Europa hat kein Zensurministerium. Es braucht auch keines mehr. Die Arbeit übernehmen inzwischen Algorithmen, Compliance-Abteilungen und Gesetze, die sich so harmlos anhören, dass man kaum glauben mag, wie tief sie in die Öffentlichkeit eingreifen. Wer heute eine Website betreibt, die unbequem ist, spürt diese Veränderung nicht sofort. Es gibt keine Hausdurchsuchung, kein Verbot, keinen Gerichtsbeschluss. Stattdessen sinken die Aufrufzahlen. Beiträge erscheinen seltener in den Feeds. Suchmaschinen listen sie weiter hinten. Videos werden kaum noch empfohlen. Und irgendwann ist der Kanal leer. Nicht, weil jemand ihn geschlossen hätte sondern weil niemand mehr dort ankommt.

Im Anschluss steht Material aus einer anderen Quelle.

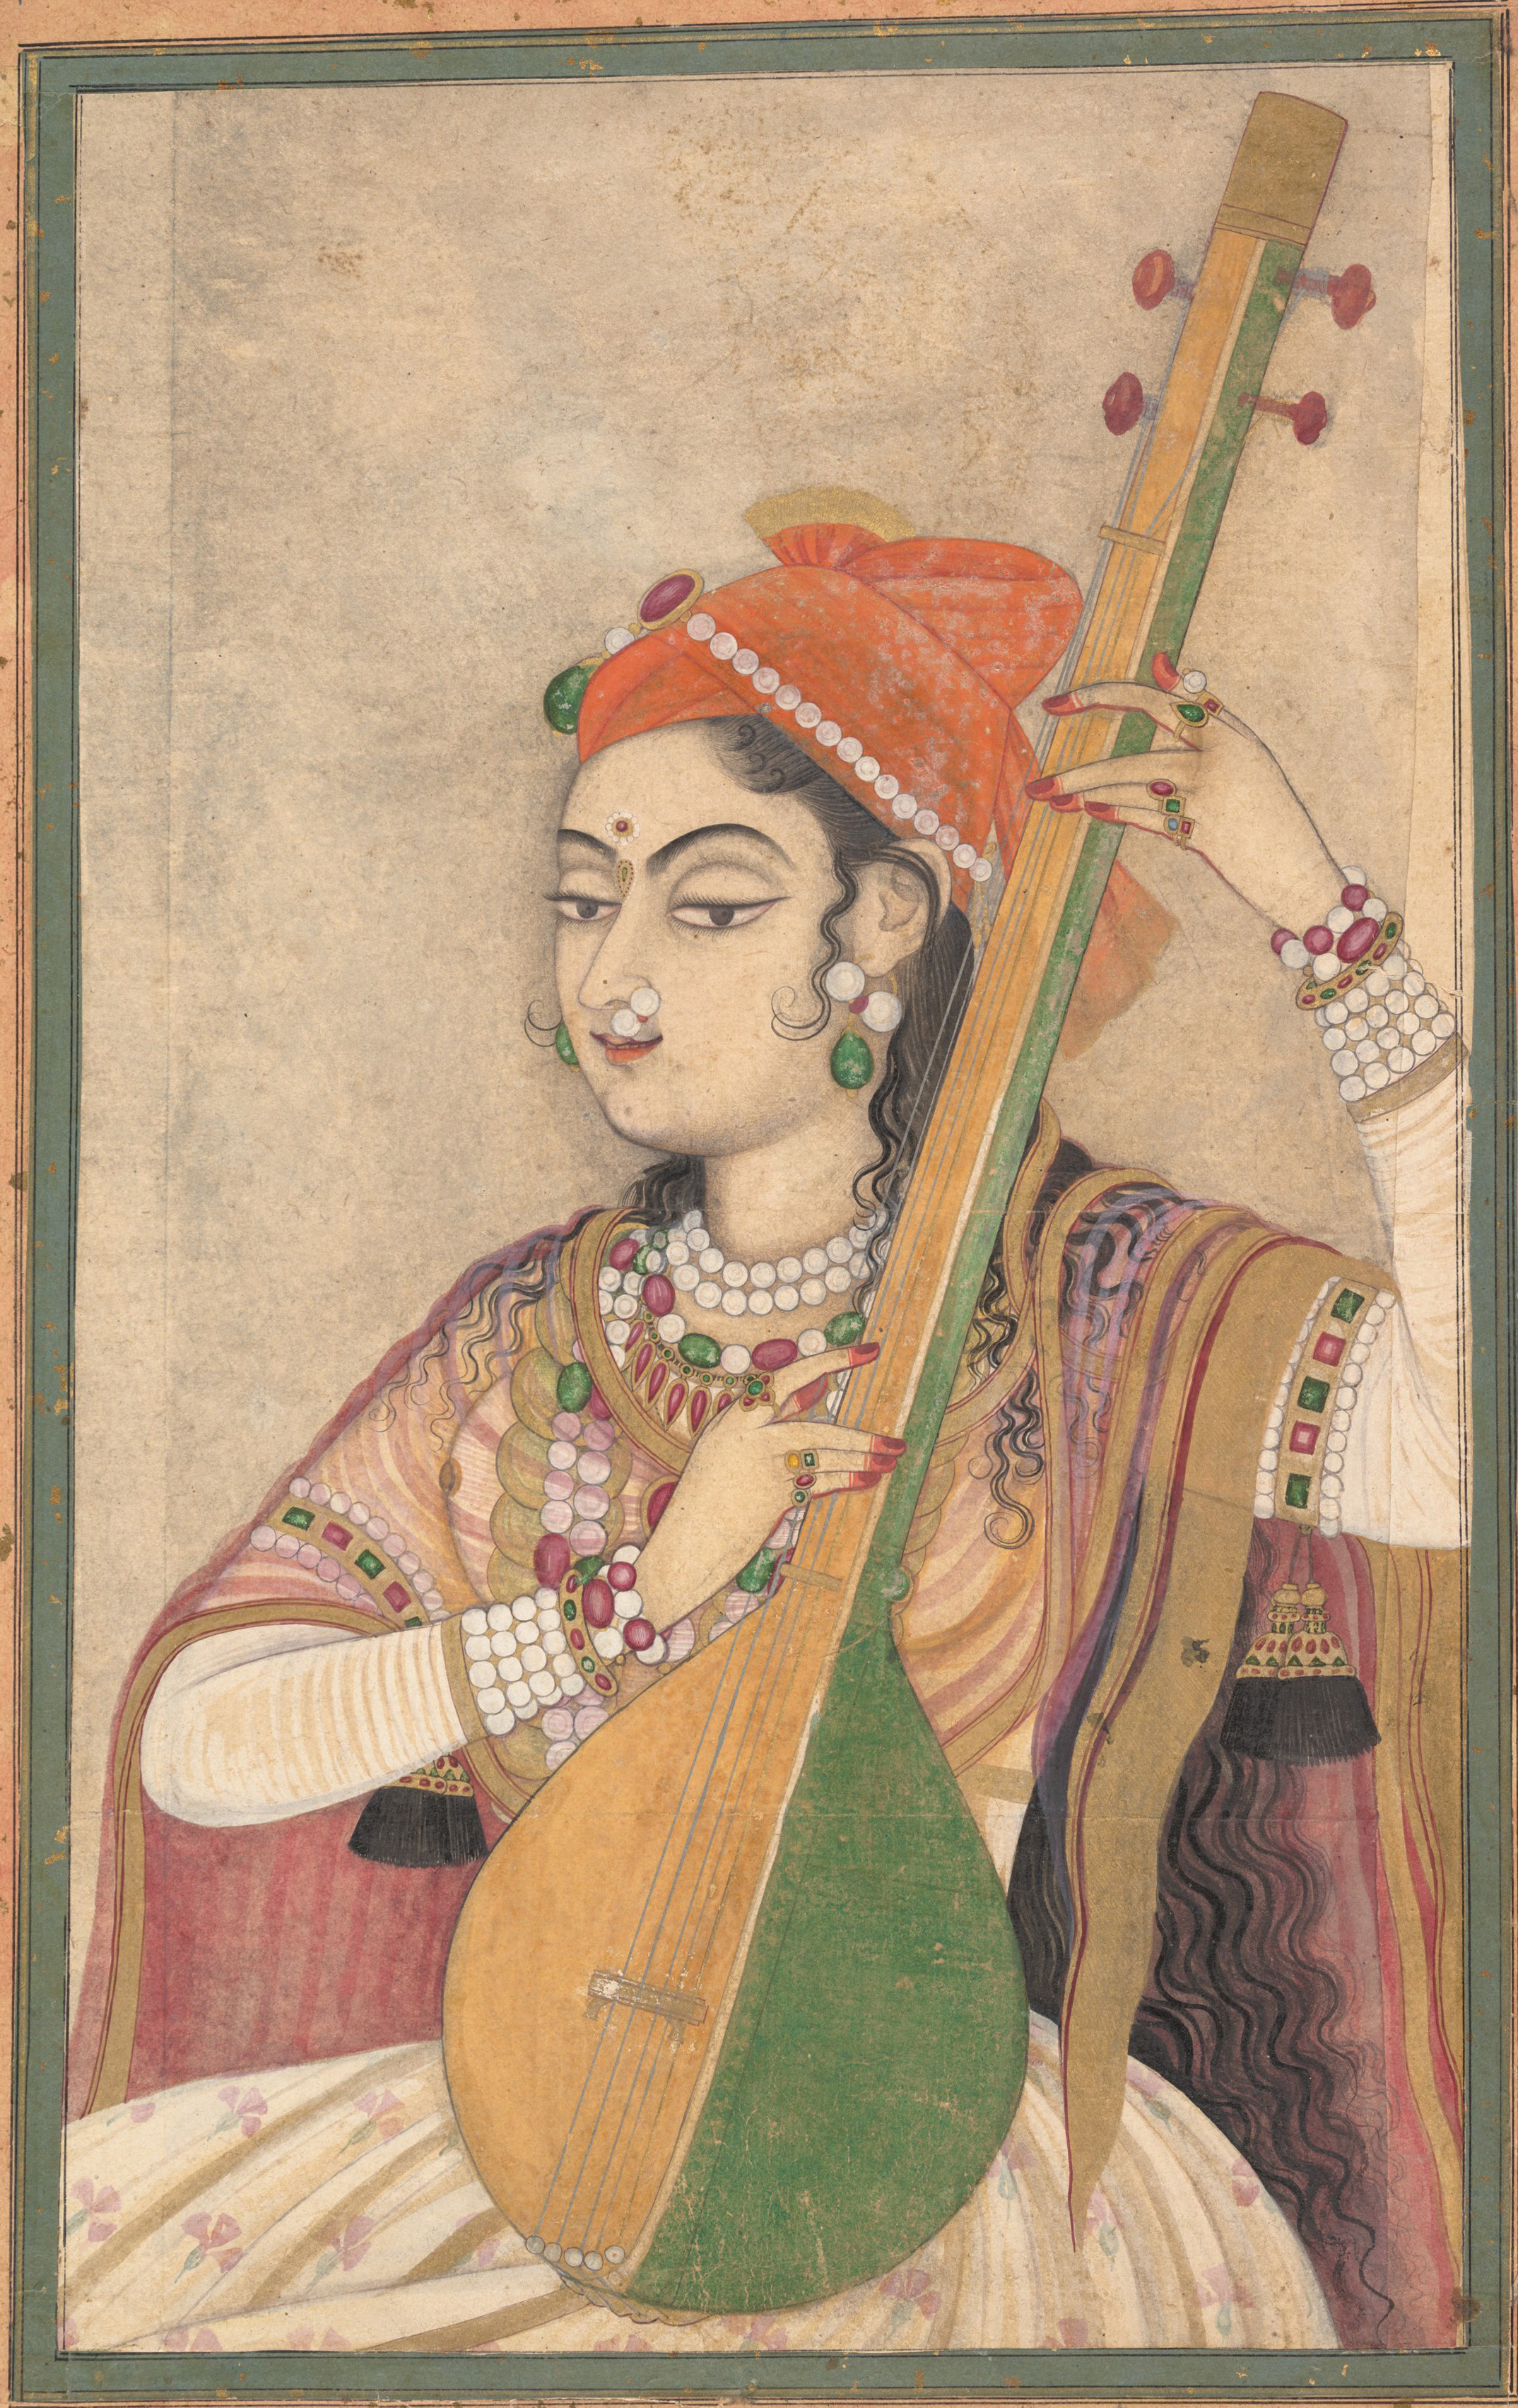 http://upload.wikimedia.org/wikipedia/commons/1/13/A_Lady_Playing_the_Tanpura,_ca._1735.jpg

Seit dem Inkrafttreten des Digital Services Act (DSA) 2024 und dem parallel laufenden European Media Freedom Act (EMFA) ist die Sichtbarkeit in Europa zu einer staatlich beeinflussten Währung geworden. Beide Gesetze sind offiziell dazu gedacht, Desinformation zu bekämpfen und den Medienpluralismus zu sichern. Doch hinter der Fassade eines „Schutzgesetzes“ entsteht ein Mechanismus, der genau das Gegenteil bewirkt: eine schleichende Vereinheitlichung des Sagbaren. Wer aus der Linie fällt, wird nicht bestraft, sondern aus der Wahrnehmung gedrängt.